ORDER BY NULL ASC, lastname DESC

With the first part having no effect on the end result.
Post by Gene Wirchenko
How does this work?
Not particularly well, since the optimizer doesn't know what order you
actually want until the query is executed. You may or may not get acceptable
performance out of it. I know the author explicitly wrote the article as a
way of illustrating how to get *away* from dynamic SQL, and certainly, if
you can get these queries to work well for you they're easier than cobbling
together ORDER BY clauses as text, but unfortunately dynamic SQL often
remains the best choice here where performance is concerned. The author
demonstrates the query on 4 rows, but neglects to demonstrate it on 4
million rows.
--
J.
Gene Wirchenko
2012-06-21 20:40:16 UTC
Permalink
On Thu, 21 Jun 2012 21:08:33 +0200, Jeroen Mostert
Post by Jeroen Mostert
Post by Gene Wirchenko
http://www.mssqltips.com/sqlservertip/1455/using-the-case-expression-instead-of-dynamic-sql-in-sql-server/
***** Start of Code *****
[snip]
Post by Jeroen Mostert
Post by Gene Wirchenko
***** End of Code *****
This looks like it specifies an order of two columns one
ascending and one descending but with one of them null.
Yes. ORDER BY NULL effectively doesn't sort, because the same sort key is
the ORDER BY becomes
ORDER BY NULL ASC, lastname DESC
With the first part having no effect on the end result.
What confused me is that explicitly using null (as you wrote) is
an error. This left me wondering about the syntax.
Post by Jeroen Mostert
Post by Gene Wirchenko
How does this work?
Not particularly well, since the optimizer doesn't know what order you
actually want until the query is executed. You may or may not get acceptable
performance out of it. I know the author explicitly wrote the article as a
way of illustrating how to get *away* from dynamic SQL, and certainly, if
you can get these queries to work well for you they're easier than cobbling
together ORDER BY clauses as text, but unfortunately dynamic SQL often
remains the best choice here where performance is concerned. The author
demonstrates the query on 4 rows, but neglects to demonstrate it on 4
million rows.
It seems to me that each case would be executed, and in the case
of, say, 4 million rows, this could be quite a hit. Is that why you
are concerned about the performance?

While trying to figure it out, I found other examples with up to
six different case orders.
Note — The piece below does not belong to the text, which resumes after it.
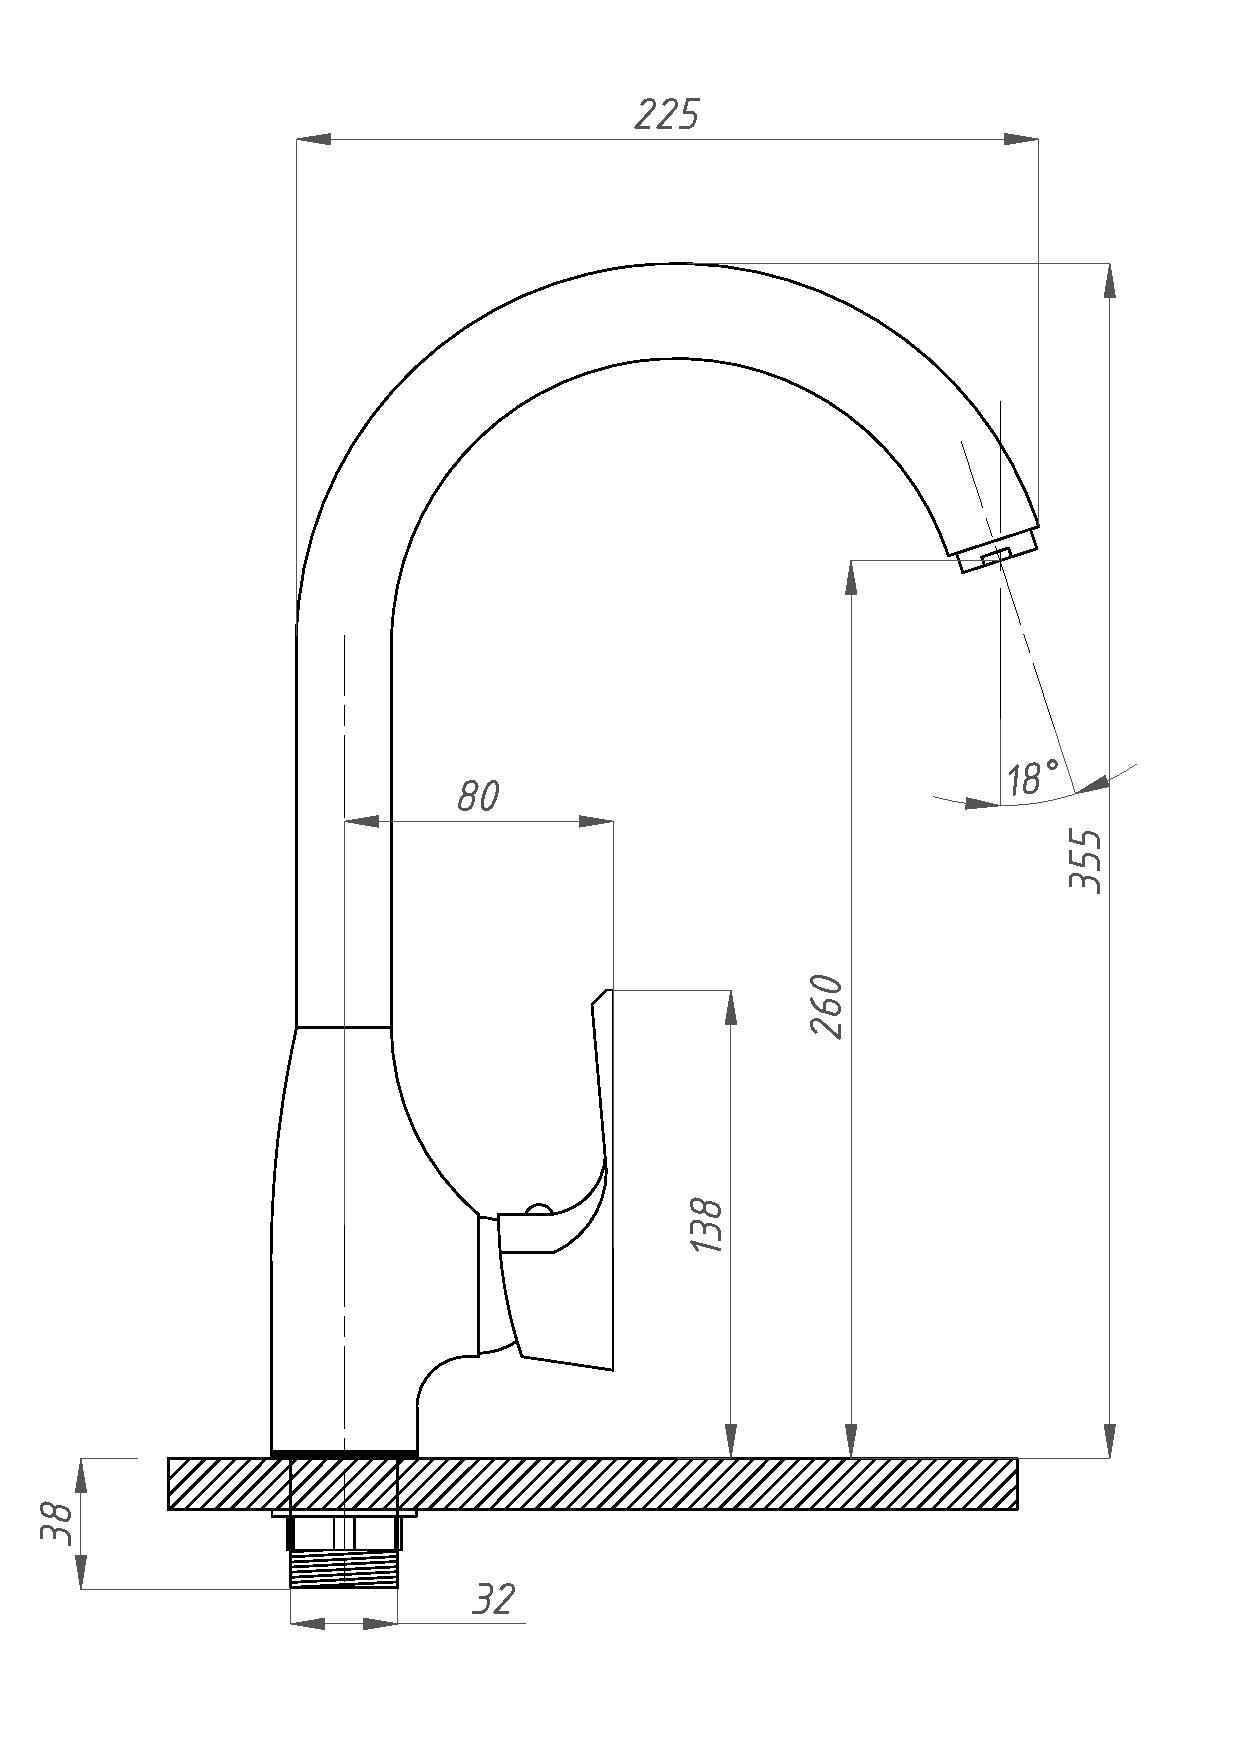 Смесители для кухни Профсан Элит ПСМ-100 длина  335 мм, однорукояточные, серебристые

It struck me as rather kludgy.

Sincerely,

Gene Wirchenko
Jeroen Mostert
2012-06-22 06:24:30 UTC
Permalink
Post by Gene Wirchenko
On Thu, 21 Jun 2012 21:08:33 +0200, Jeroen Mostert
Post by Jeroen Mostert
Post by Gene Wirchenko
http://www.mssqltips.com/sqlservertip/1455/using-the-case-expression-instead-of-dynamic-sql-in-sql-server/
***** Start of Code *****
[snip]
Post by Jeroen Mostert
Post by Gene Wirchenko
***** End of Code *****
This looks like it specifies an order of two columns one
ascending and one descending but with one of them null.
Yes. ORDER BY NULL effectively doesn't sort, because the same sort key is
the ORDER BY becomes
ORDER BY NULL ASC, lastname DESC
With the first part having no effect on the end result.
What confused me is that explicitly using null (as you wrote) is
an error. This left me wondering about the syntax.
Yes, you're right -- if you supply a constant expression explicitly, SQL
Server will catch this and flag it as nonsensical. A bit overzealous, I
think. It's mostly harmless, compared to other things that aren't detected.
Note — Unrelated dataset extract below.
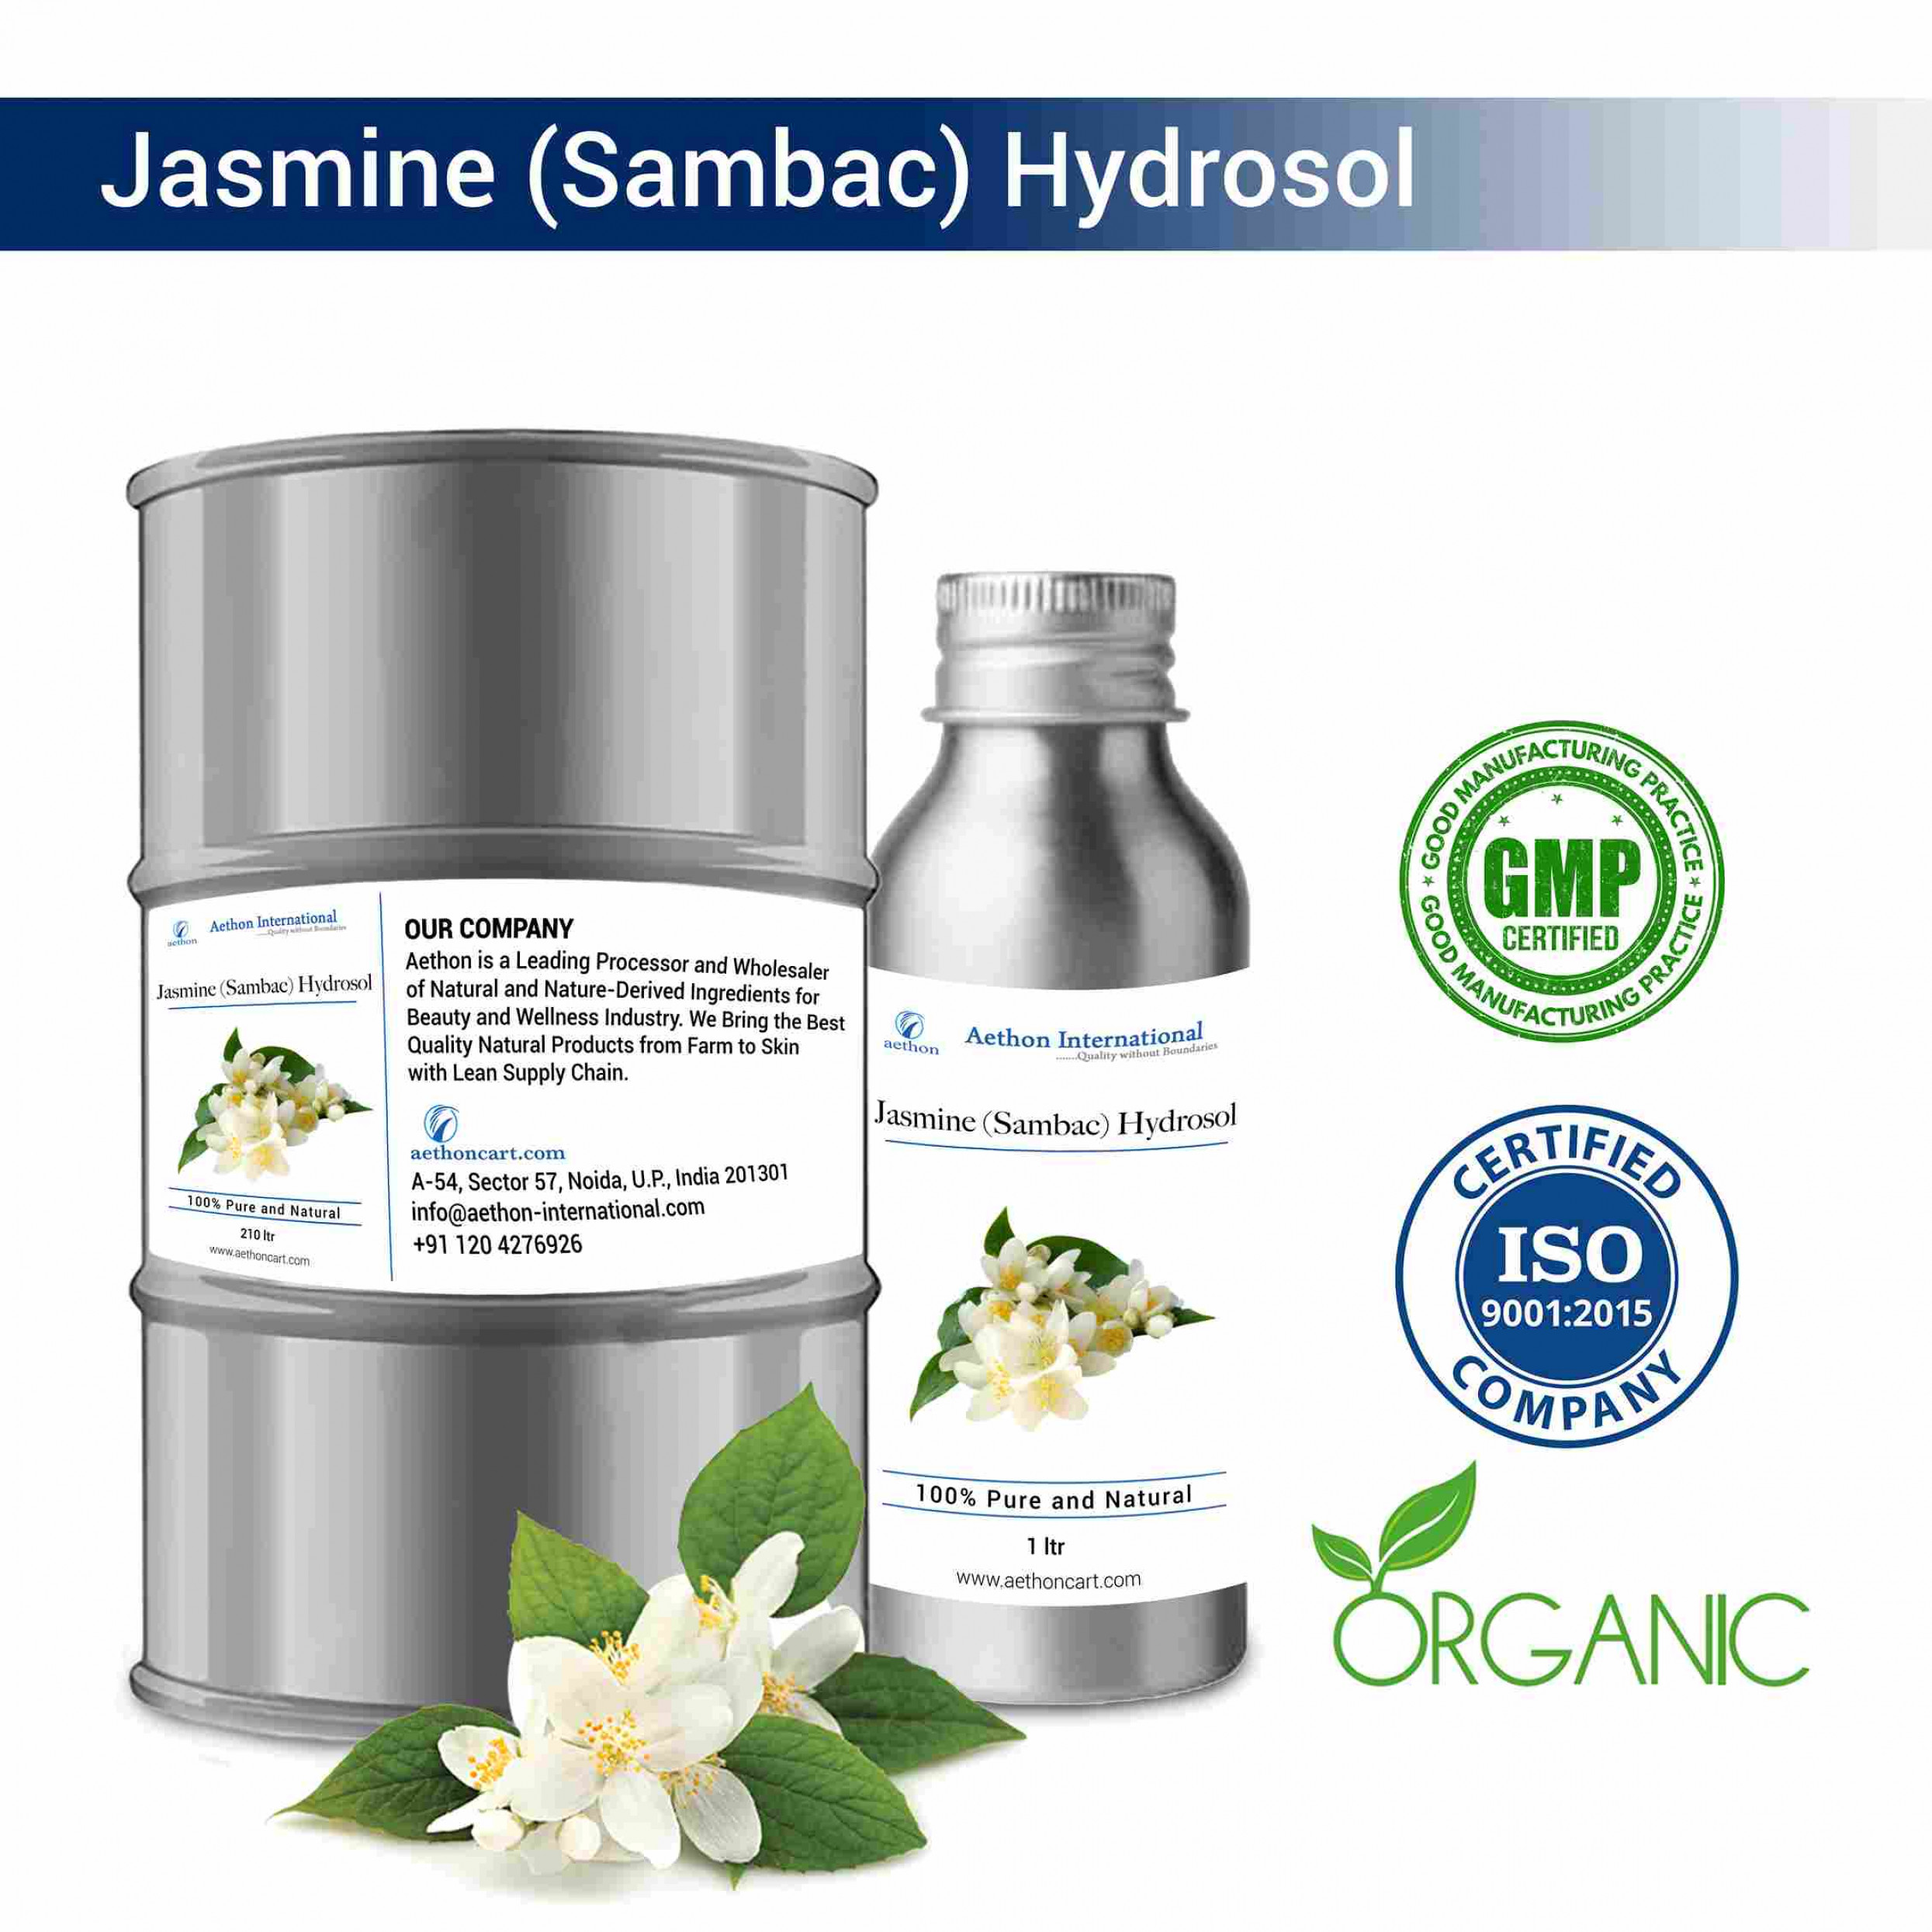 Jasmine (Sambac) Hydrosol

If you use "NULL + [column]", or any other expression that always yields
NULL but isn't constant, the error goes away. The CASE, of course, is not a
constant expression.
Post by Gene Wirchenko
Post by Jeroen Mostert
Post by Gene Wirchenko
How does this work?
Not particularly well, since the optimizer doesn't know what order you
actually want until the query is executed. You may or may not get acceptable
performance out of it. I know the author explicitly wrote the article as a
way of illustrating how to get *away* from dynamic SQL, and certainly, if
you can get these queries to work well for you they're easier than cobbling
together ORDER BY clauses as text, but unfortunately dynamic SQL often
remains the best choice here where performance is concerned. The author
demonstrates the query on 4 rows, but neglects to demonstrate it on 4
million rows.
It seems to me that each case would be executed, and in the case
of, say, 4 million rows, this could be quite a hit. Is that why you
are concerned about the performance?
The problem is not the CASE itself (the execution overhead is trivial, and
constant per query) but the fact that the optimizer doesn't know what order
you actually want at compile time. If you write "ORDER BY lastname DESC" and
there is an index on lastname, the optimizer can simply use that. But if you
have multiple clauses covered by CASE, the optimizer cannot know what order
you want, so it won't be able to use any indexes.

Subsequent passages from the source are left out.